Brad Blickstein is an expert on the legal industry and legal operations. He is principal at Blickstein Group and publisher of the Annual Law Department Operations Survey, which provides insights into the legal operations business. We talked to Brad about his recent induction as a fellow in the College of Law Practice Management (COLPM).
Can you talk a little about what the Blickstein Group does and how you came to be a fellow in the College of Law Practice Management?
Blickstein Group is a research and advisory firm, which consults with a number of firms and legal service providers. Since 2008, we have also published the Annual Law Department Operations (LDO) survey, which has really become the seminal research piece on the legal operations field as it has developed and grown. We also have a new Legal AI Efficacy Report, which investigates the specific problems AI-powered legal tools are designed to solve and how effective they actually are in solving them.
My nomination to the COLPM emerged out of that work, plus I’m a co-founder of the Corporate Legal Times, a publication that has evolved to become Inside Counsel, now owned by ALM Media. It seems my work over the last 30 years has been reasonably innovative and meaningful to those working in the practice of law.
What excites you about being included in this year’s group of new fellows?
The COLPM has been around for about 20 years, and the membership is made up of people who are thought leaders and innovators, effecting change and improvement in the legal industry. I’m thrilled to be recognized alongside them.

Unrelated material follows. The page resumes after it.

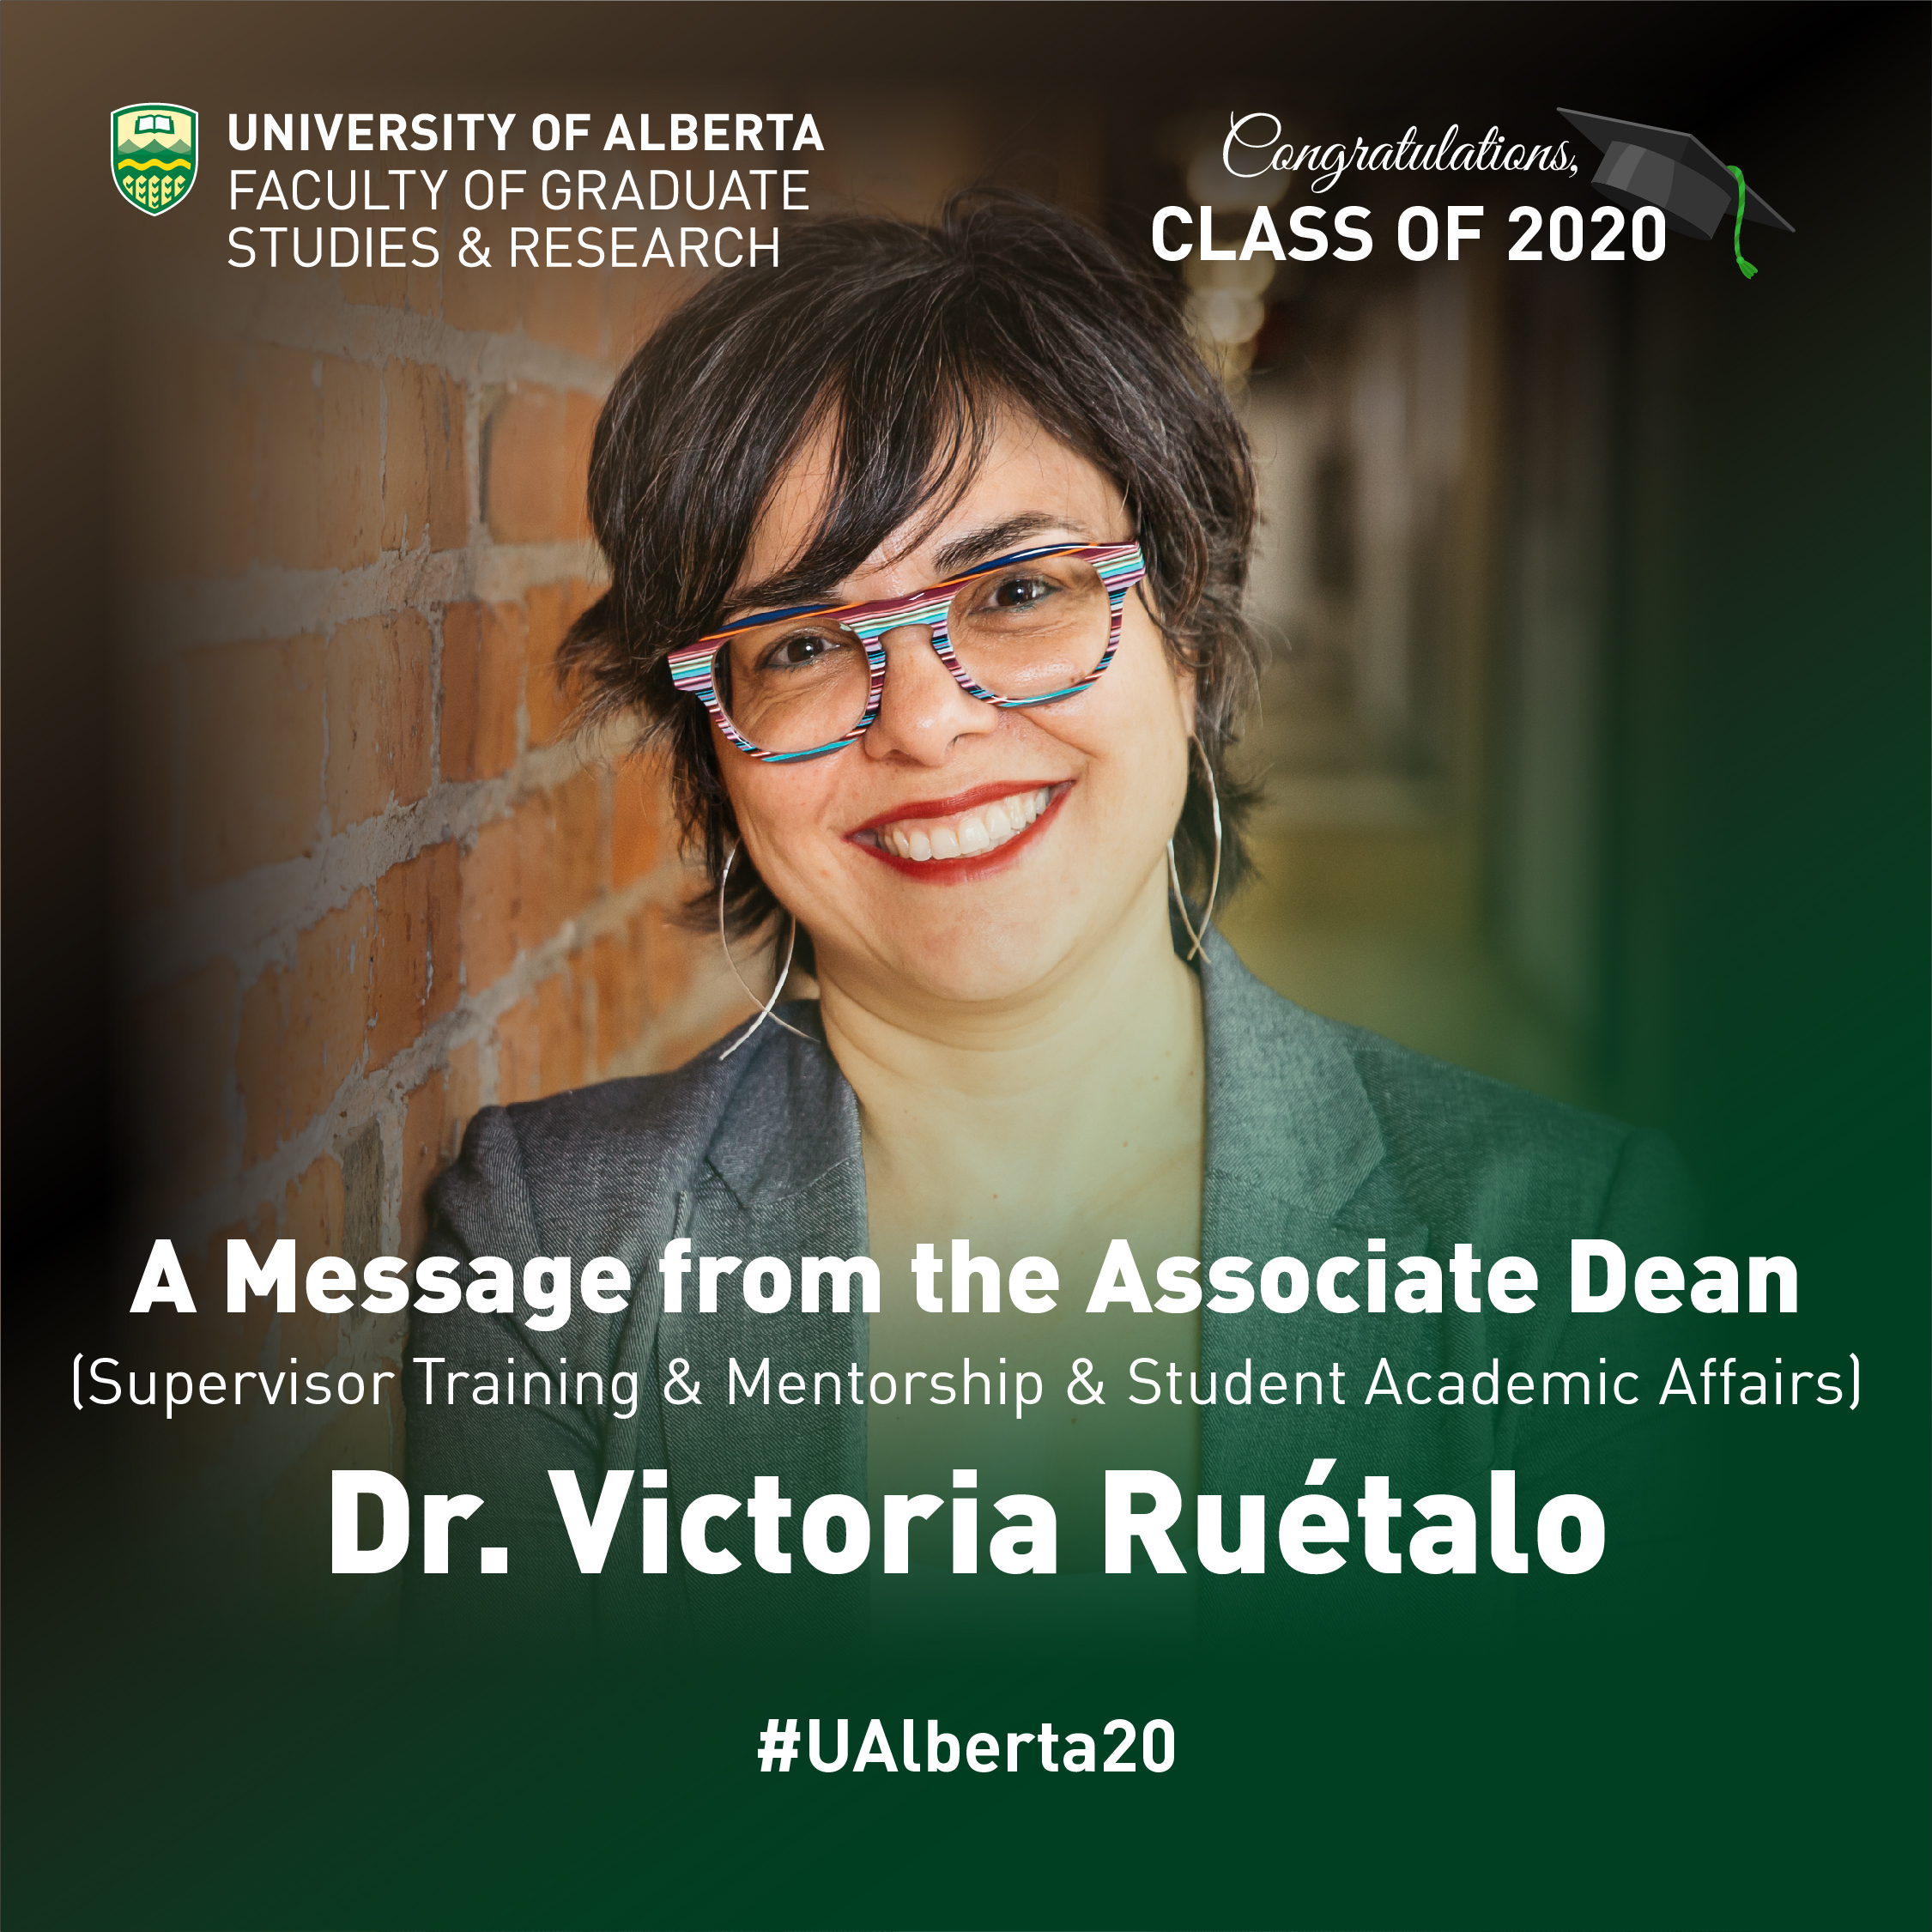 A Message from Dr. Victoria Ruétalo, FGSR Associate Dean (Supervisor Training & Mentorship & Student Academic Affairs)

I’m especially pleased to be inducted alongside some of this year’s new members. The organization no longer focuses mostly on law firms and now also includes more fellows from the in-house and legal ops side; several of this year’s inductees represent that added focus, and I’ve worked with many of them. For example, David Cambria is my partner in the LDO survey; Reese Arrowsmith and Vincent Cordo are on the LDO survey advisory board; Farrah Pepper is on the advisory board for the Legal AI Efficacy Report; Stephanie Corey is a well-known early advocate for the value of legal ops; Jason Barnwell is doing some amazing things at Microsoft; and Bob Taylor has Liberty Mutual on the bleeding edge. It’s exciting to become a member at the same time as these people.
The COLPM recognizes innovation and can see where the industry is heading. Operations and in-house counsel are now increasingly represented, just as many early law firm marketers became members when that function began to gain prominence.
Does being a fellow present you with new collaboration opportunities?
Yes, and I’m looking forward to taking advantage of those opportunities. One thing that’s very impressive about the COLPM is the collegiality – many members, who I didn’t even know, have reached out to congratulate me, and many sought me out at the induction ceremony. I already knew a lot of members, and several of them were eager to introduce me to others I hadn’t met yet. It’s a very collaborative atmosphere. I’m not sure yet where it will lead but, but I’ve met a lot of very smart people since I joined – that’s a good sign!
Are there any College of Law Practice Management programs that you plan to participate in?
There are publications I’m interested in, but the main thing I’m looking forward to is the annual combined induction and Futures conference. This is a two-day event, featuring a black-tie induction ceremony, with enormous networking and educational value. Every year, the event brings people together and is really powerful, even after the official events end in the evening. That’s when you often end up having the cool, breakthrough ideas and meeting people who can change how you do business.
For example, law firm business development is something I haven’t had a great deal of experience with over the years. But as a member of the COLPM, I’m now planting new roots with folks who are much more familiar with the function and learning more about their interesting work.
More generally, what do you think are the most promising recent developments in the area of legal operations? Which recent trends are most likely to have the greatest positive impact on in-house legal organizations?
When I started the LDO survey 12 years ago, we found 34 people who could credibly say that they worked in in-house ops. The rise since then has been huge. Even though it may still be somewhat ill-defined, the rise in the legal ops role is really valuable.
Also, more and more we are heading toward being a data-based industry with respect to pricing and outside counsel, so companies can better understand which firms to use. It started in-house with ops professionals, and now we’re seeing both pricing and legal ops staff at firms as well. On the outside counsel side, it makes sense to have someone on staff for the clients’ legal ops folks to collaborate with and bounce ideas off of.
Is there anything else about being in the COLPM that you wanted to mention?
Yes – how much I respect the other fellows in the organization. I’ve never worked for a firm or in a law department myself, and I am very grateful to be included. It’s a self-perpetuating organization in which existing fellows nominated me, and then the board accepted me. That is truly an honor.